TensorRT-LLMs/docs/source/torch/arch_overview.md
Leslie Fang 44040edbf0
update broken link of PyTorchModelEngine in arch_overview (#6171)
Signed-off-by: leslie-fang25 <leslief@nvidia.com>
2025-07-18 19:53:38 +08:00

73 lines
3.4 KiB
Markdown

# Architecture Ovewiew
TensorRT-LLM is a toolkit designed to create optimized solutions for Large Language Model (LLM) inference.
Besides TensorRT, PyTorch can also serve as the backend for TensorRT-LLM. This document provides an overview of the PyTorch Backend architecture.
## Top Level API
The interface for PyTorch backend is `tensorrt_llm.LLM`.
```python
from tensorrt_llm import LLM
llm = LLM(model=<path_to_llama_from_hf>)
```
The `LLM` also manages the tokenization and detokenization processes of the input.
## PyExecutor
Similar to the TensorRT backend, which uses [Executor API](../advanced/executor.md), the PyTorch backend employs a `PyExecutor` class.
This class has a similar interface to Executor, allowing it to be integrated into LLM as an alternative backend.

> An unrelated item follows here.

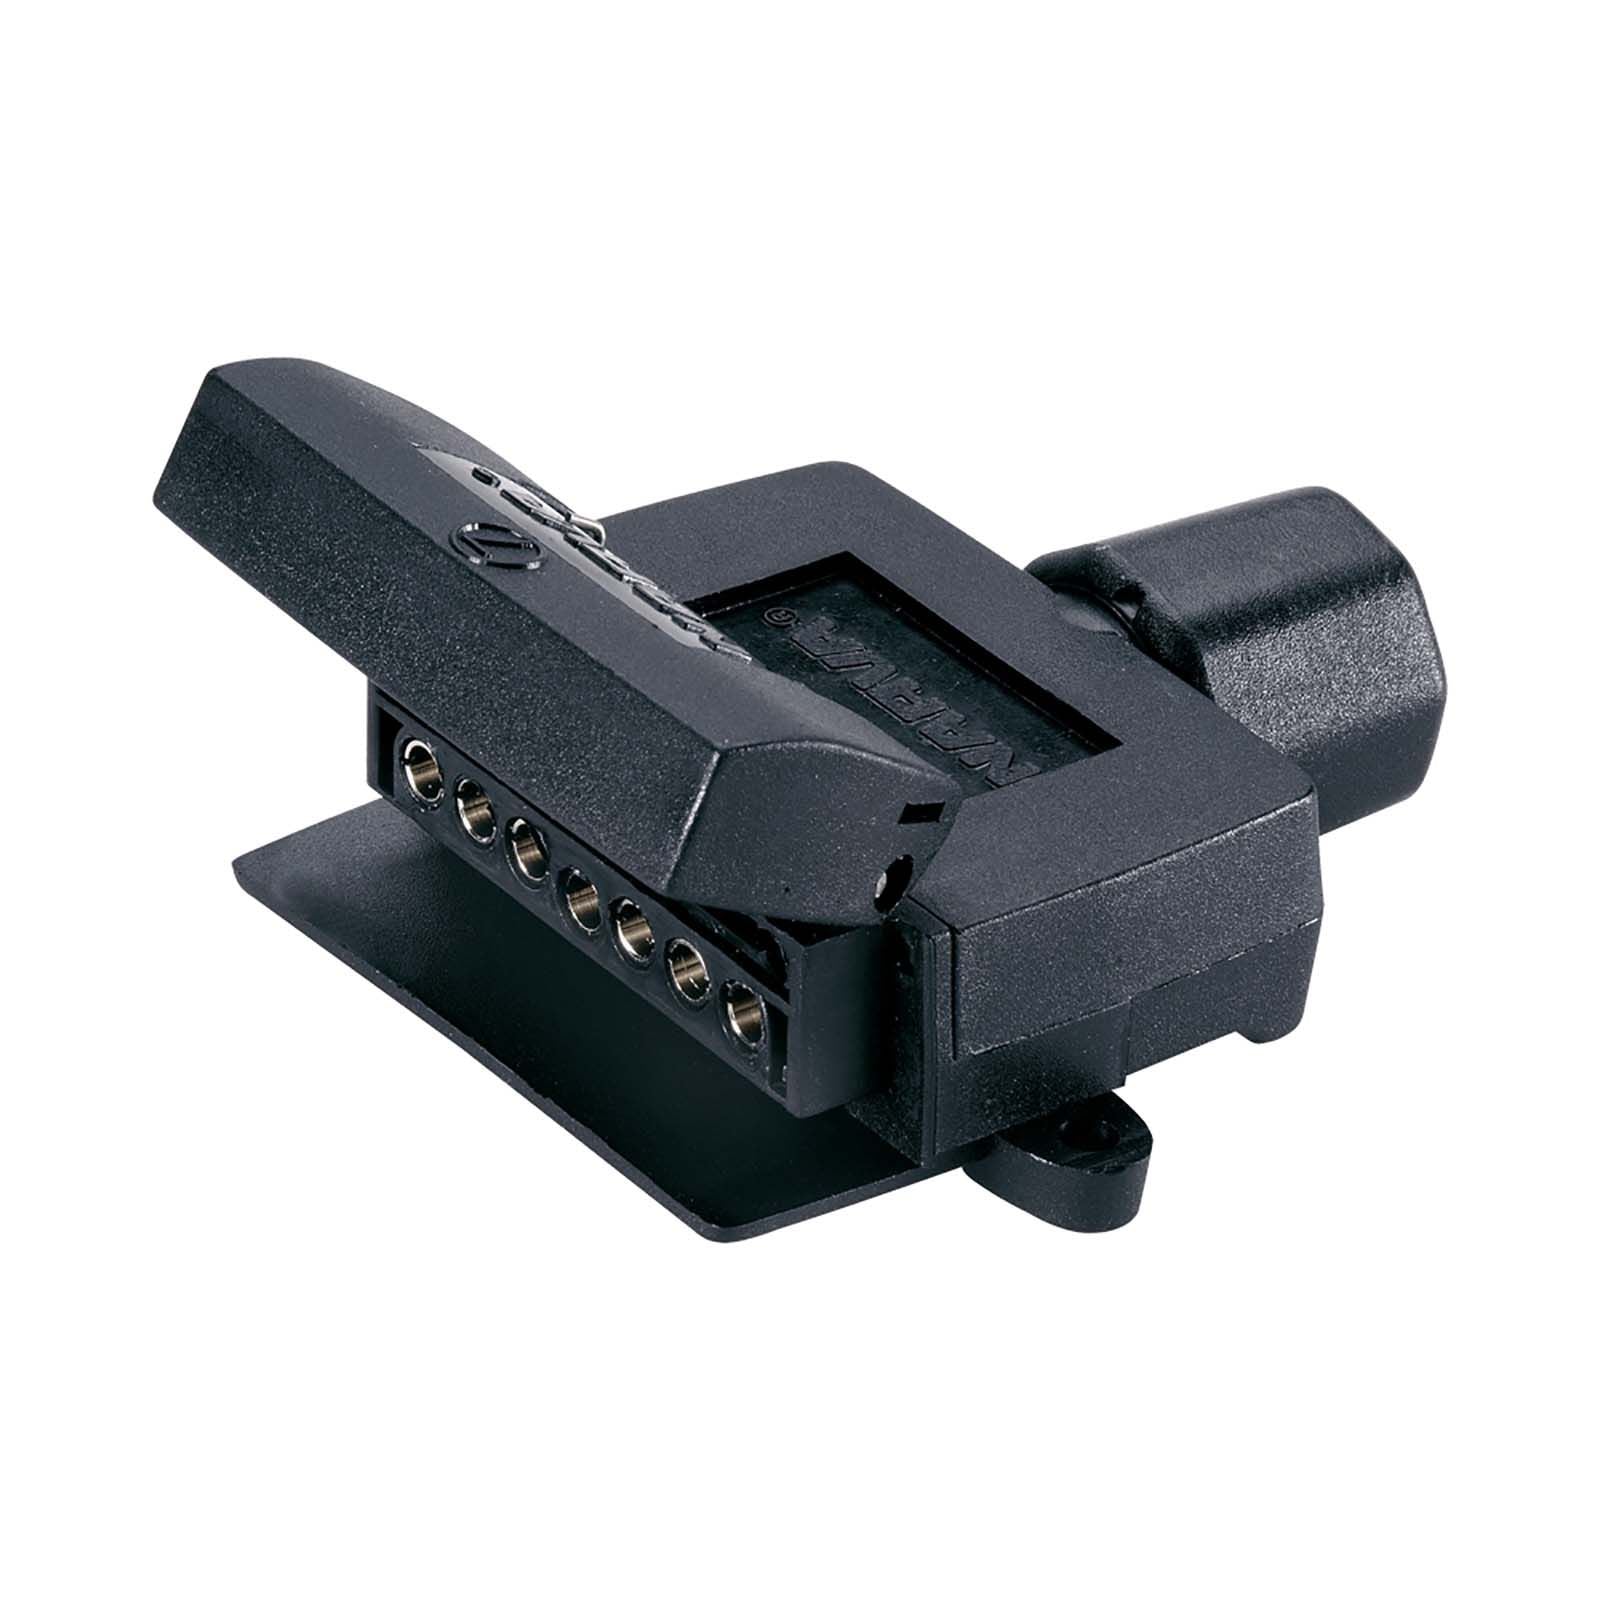 7 PIN FLAT 'Quickfit' TRAILER SOCKET WITH REED SWITCH FOR USE WITH NORMALLY CLOSED CIRCUITS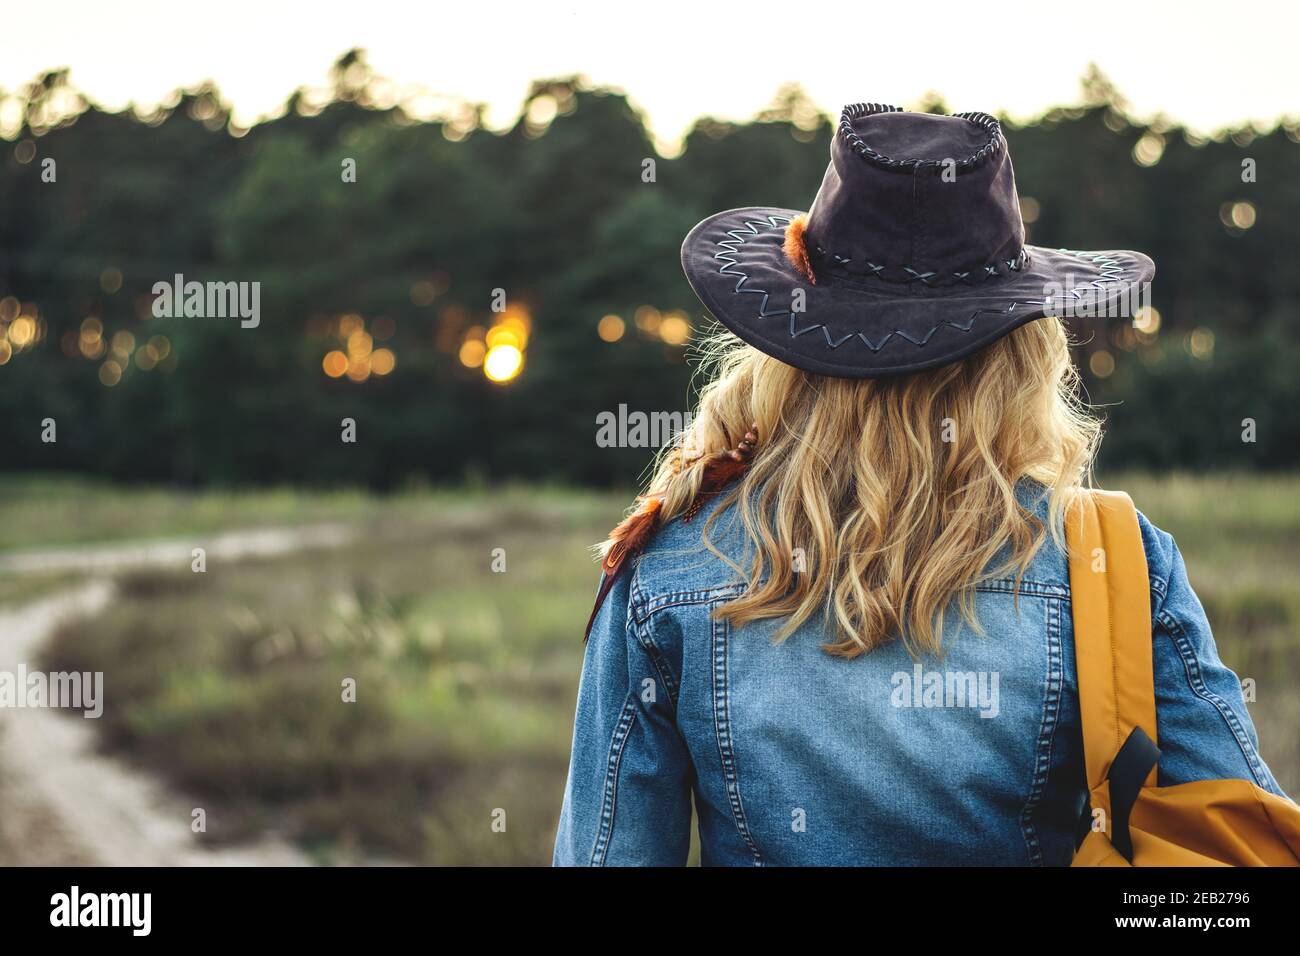 Woman tourist with hat and backpack hiking on footpath in nature during sunset. Rear view of blond hair female tourist wearing denim jacket is walking Stock Photo

Key components of the `PyExecutor` include:
- Model Engine: Holds the language model and efficiently supports single-step model forward.
- Decoder: Generates output tokens based on Model Engine outputs. Currently, only greedy search is supported.
- Scheduler: Decides whether to allocate resources (like KV Cache) for a request and whether to run forward for each request at the current step.
The single-step flow of PyExecutor involves:
- Fetching new requests from the request queue, if any.
- Scheduling some requests.
- Running model forward for scheduled requests.
- Running the decoder using the model forward outputs for the scheduled requests.
- Adding output tokens for each request and handling finished requests.
## Model Engine
The core component of `PyExecutor` is the `ModelEngine`, responsible for executing the model's forward pass efficiently on the GPU.
The key method of `ModelEngine` is `forward`, which handles the forward pass computation.
For the PyTorch backend, the derived class is `PyTorchModelEngine`, declared in [model_engine.py](../../../tensorrt_llm/_torch/pyexecutor/model_engine.py).
## Decoder
The Decoder generates output tokens based on Model Engine outputs and supports greedy search decoding.
## Scheduler
The scheduler operates in two steps:
1. CapacityScheduler: Determines if there are enough resources to accommodate a request.
2. MicroBatchScheduler: Selects some requests for the model to run forward.
Both CapacityScheduler and MicroBatchScheduler currently use C++ bindings.
However, since the interfaces are implemented in Python, customization is possible.
The document [scheduler.md](./scheduler.md) explains how to implement customized scheduling logic.
## ResourceManager
`ResourceManager` helps allocate and manage these resources that may be needed to run inference for a single request.
It is a container of objects inherited from `BaseResourceManager`, each managing a specific type of resource.
There are three important interfaces for `BaseResourceManager`:
- `prepare_resources`: Called at each step before model forward in PyExecutor for the current batch.
- `update_resources`: Called at each step finish for the current batch.
- `free_resources`: Called at each request finish.
One crucial resource is the KV Cache for transformer models. The `BaseResourceManager` for KV Cache is `KVCacheManager`.
### KVCacheManager
Currently, the KVCacheManager uses C++ binding. However, customization in Python is possible, as its interface is implemented in Python.
The document [kv_cache_manager.md](./kv_cache_manager.md) details how to implement a customized KVCacheManager.